= RECORDS FOR THE EXERCISE =
= = =
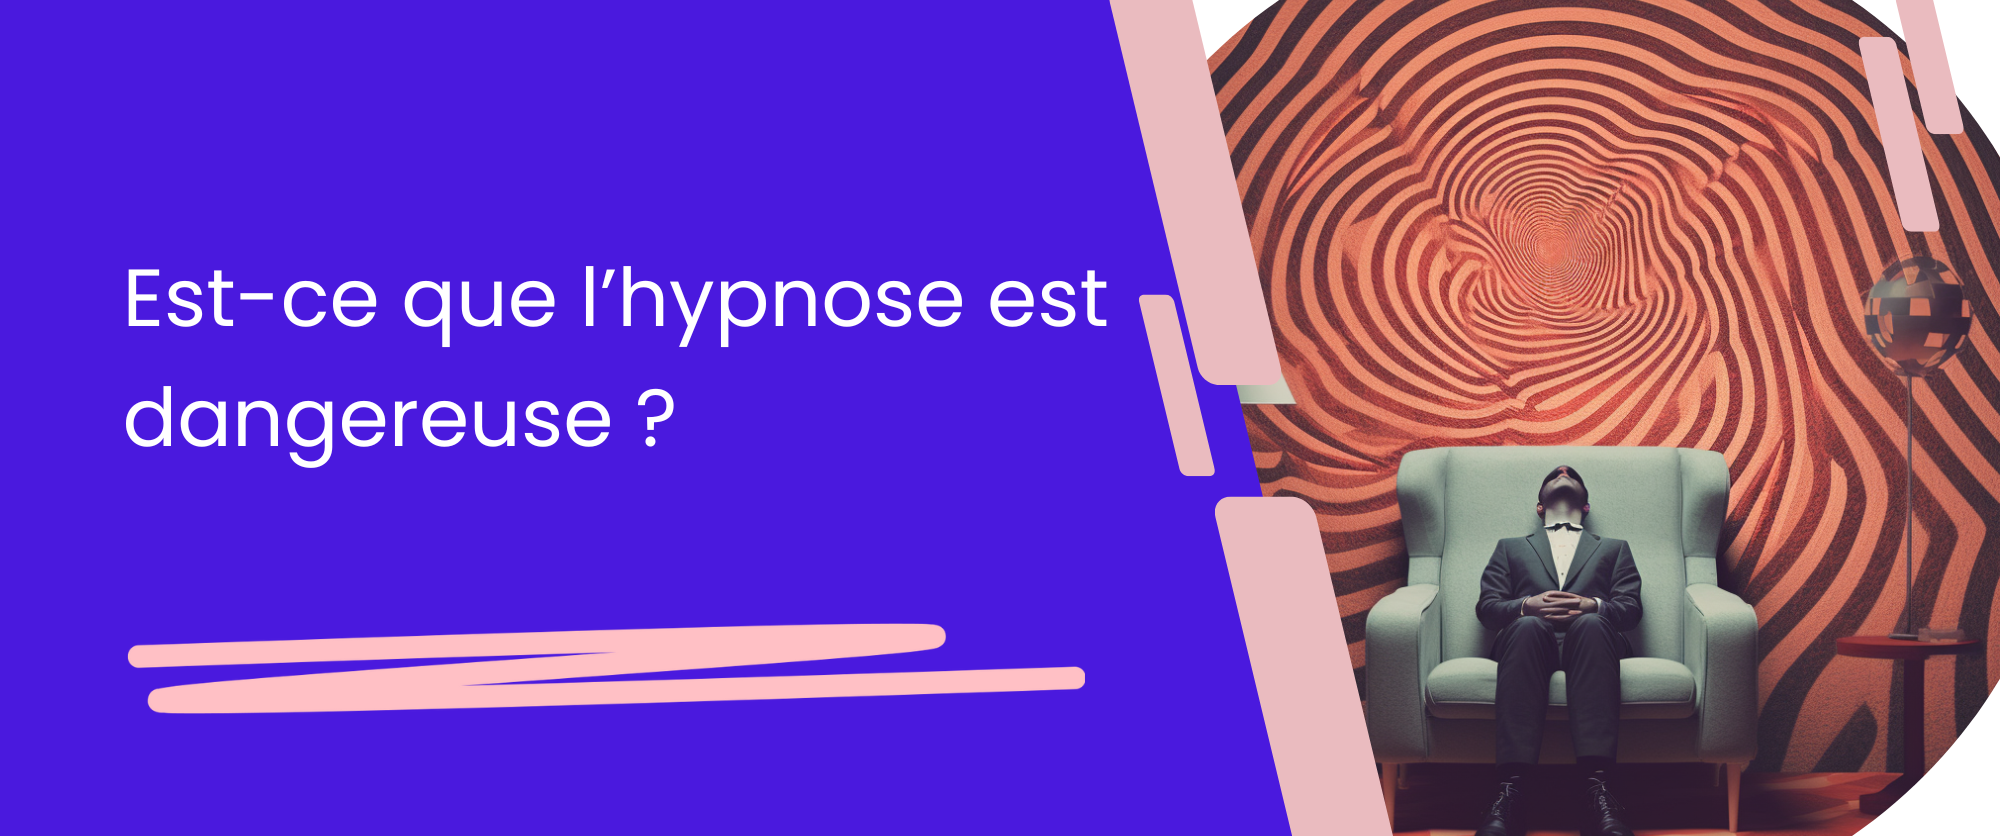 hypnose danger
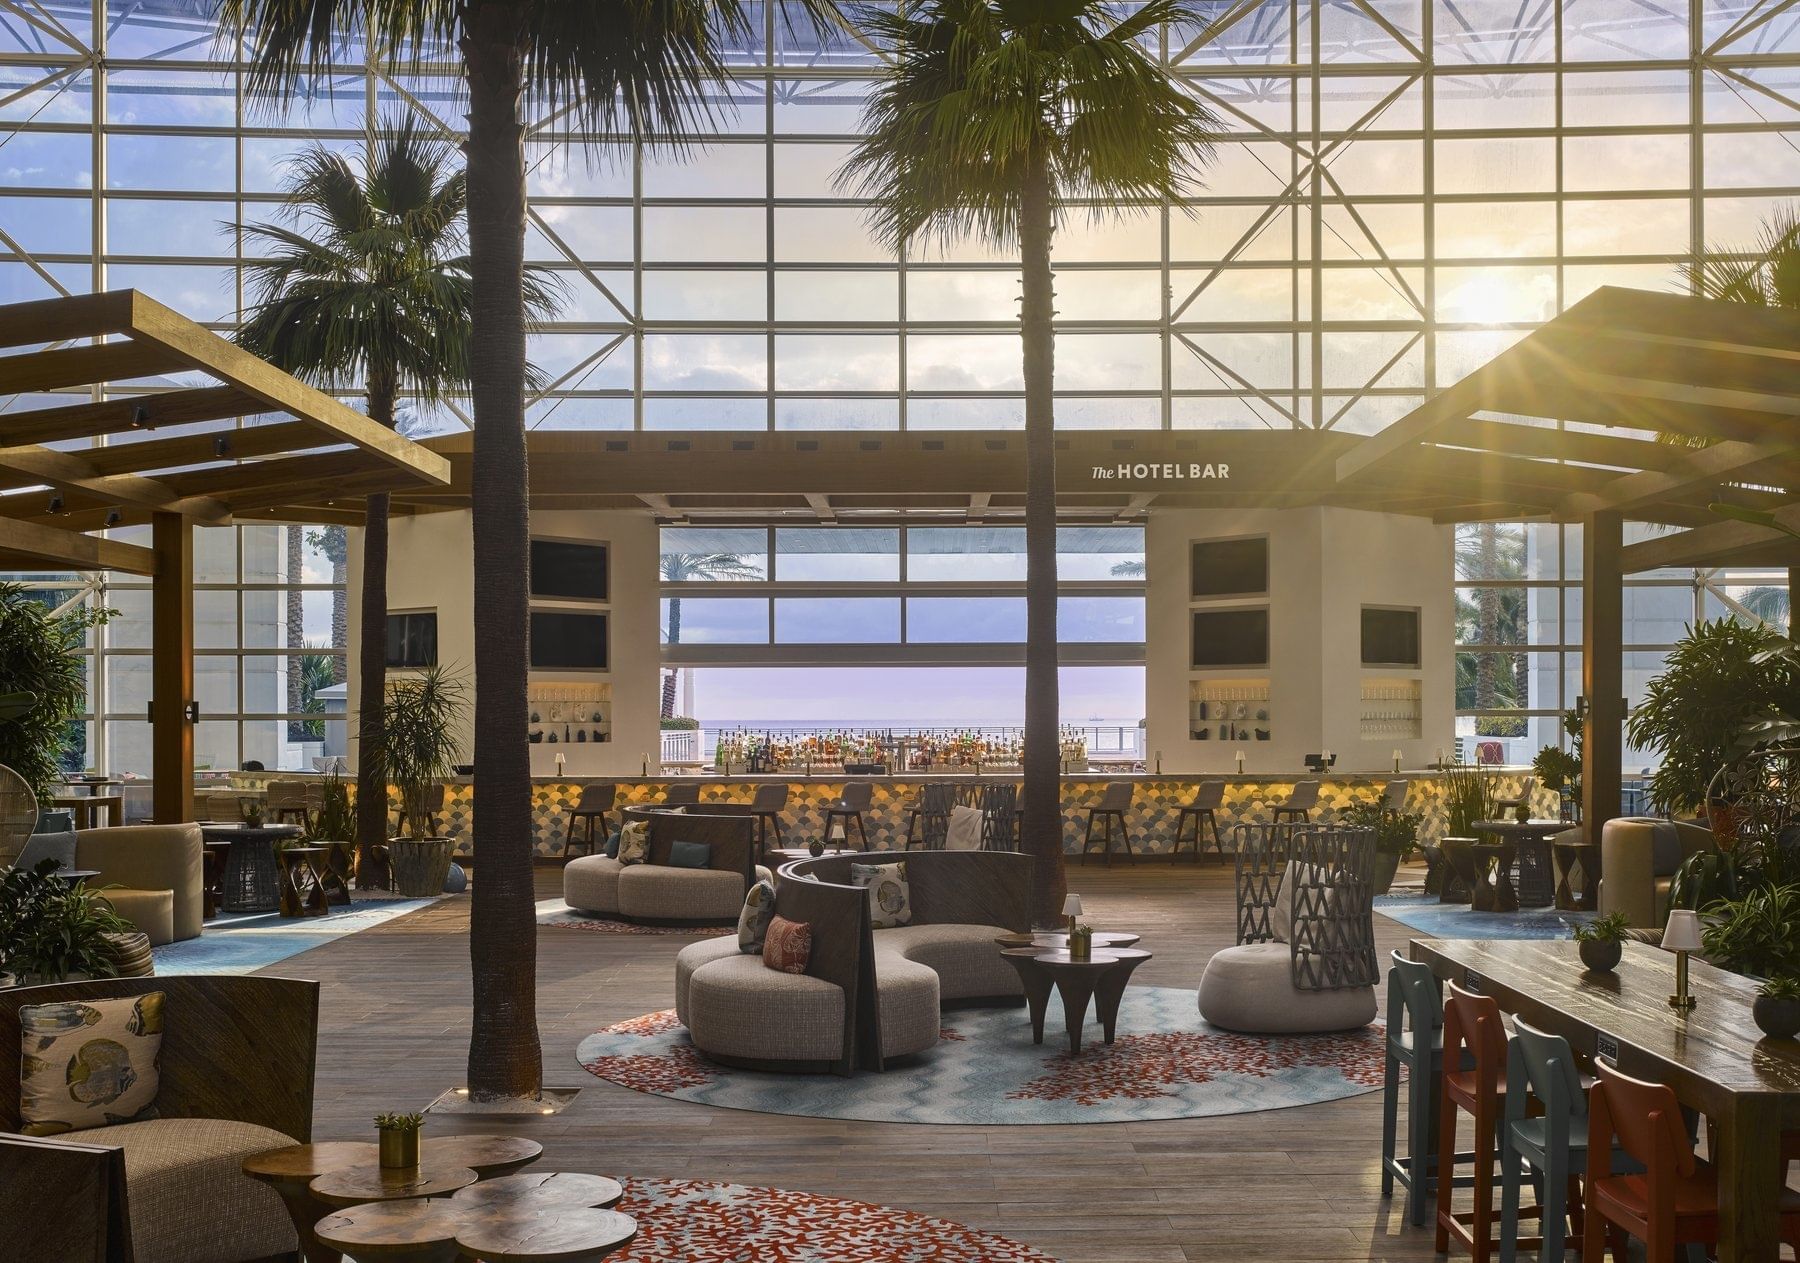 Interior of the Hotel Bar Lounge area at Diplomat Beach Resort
= = =
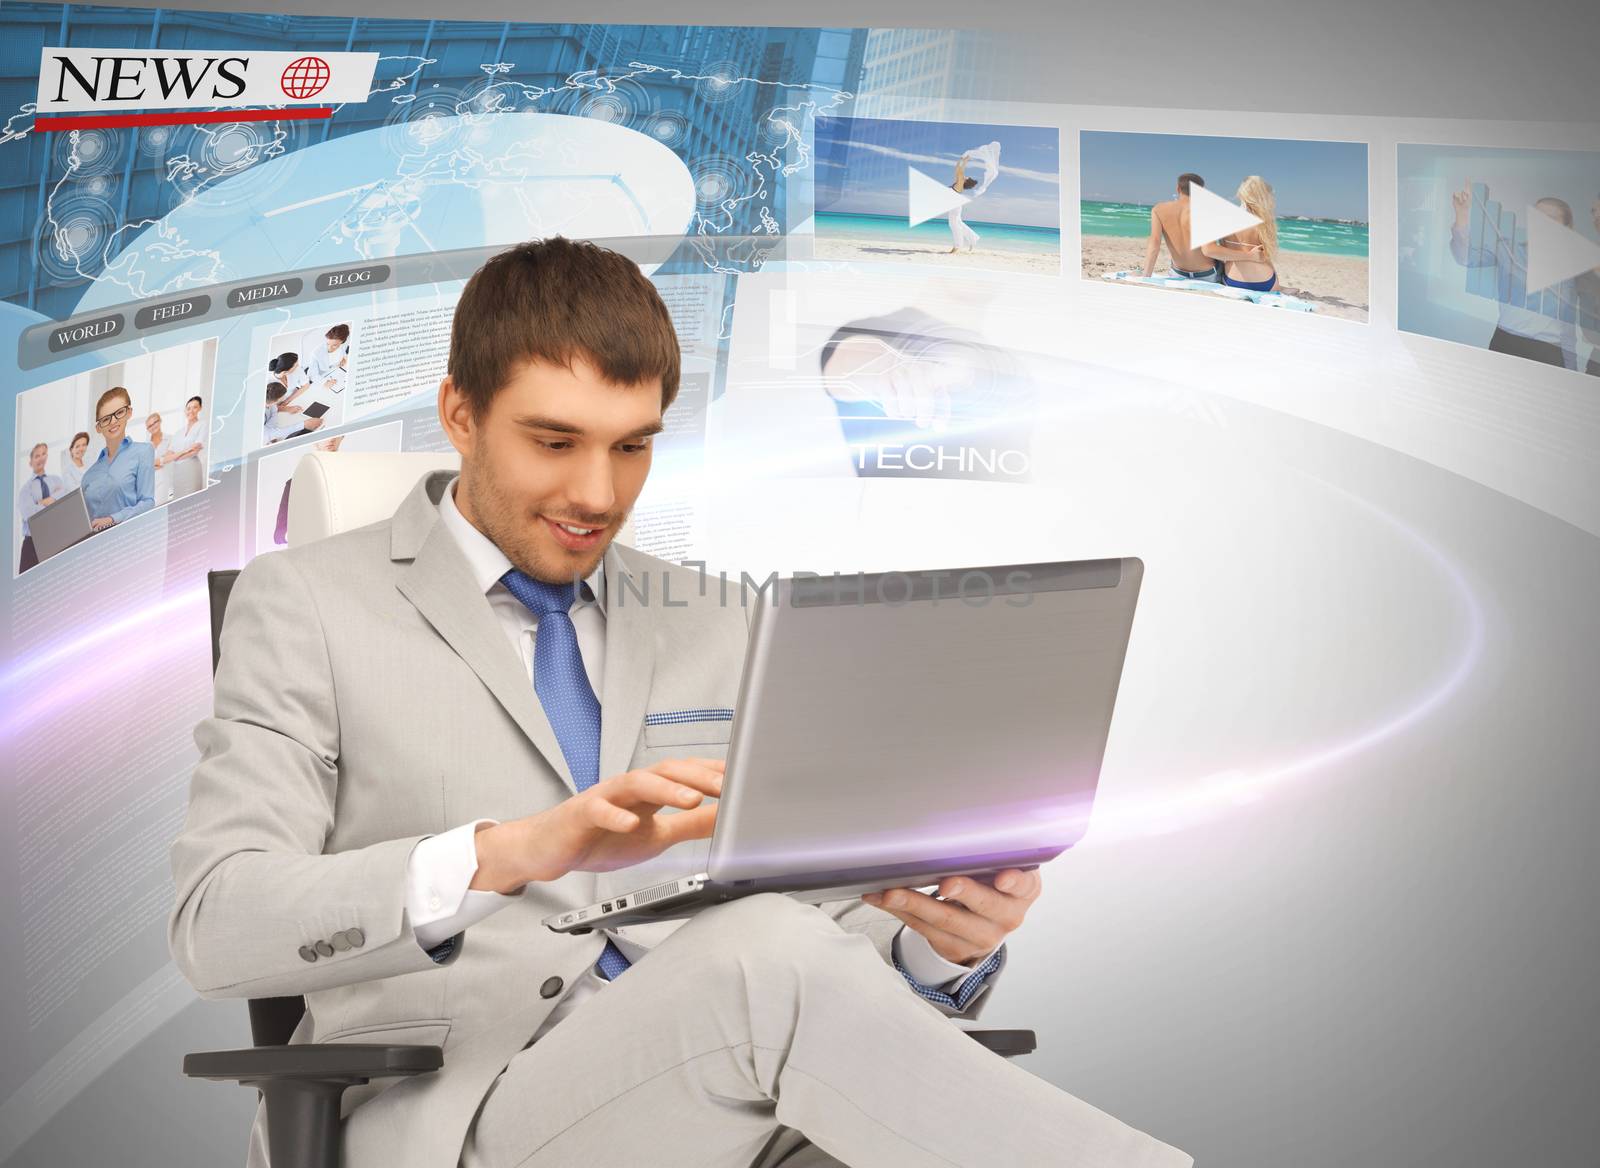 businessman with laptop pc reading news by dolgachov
= = =
= GOAL OF THE EXERCISE =
In the listing above, find the line with "hypnose danger" and the line with "Interior of the". Output both, plus every line between them, and no pictures.

= FINISHED EXERCISE =
 hypnose danger
 Interior of the Hotel Bar Lounge area at Diplomat Beach Resort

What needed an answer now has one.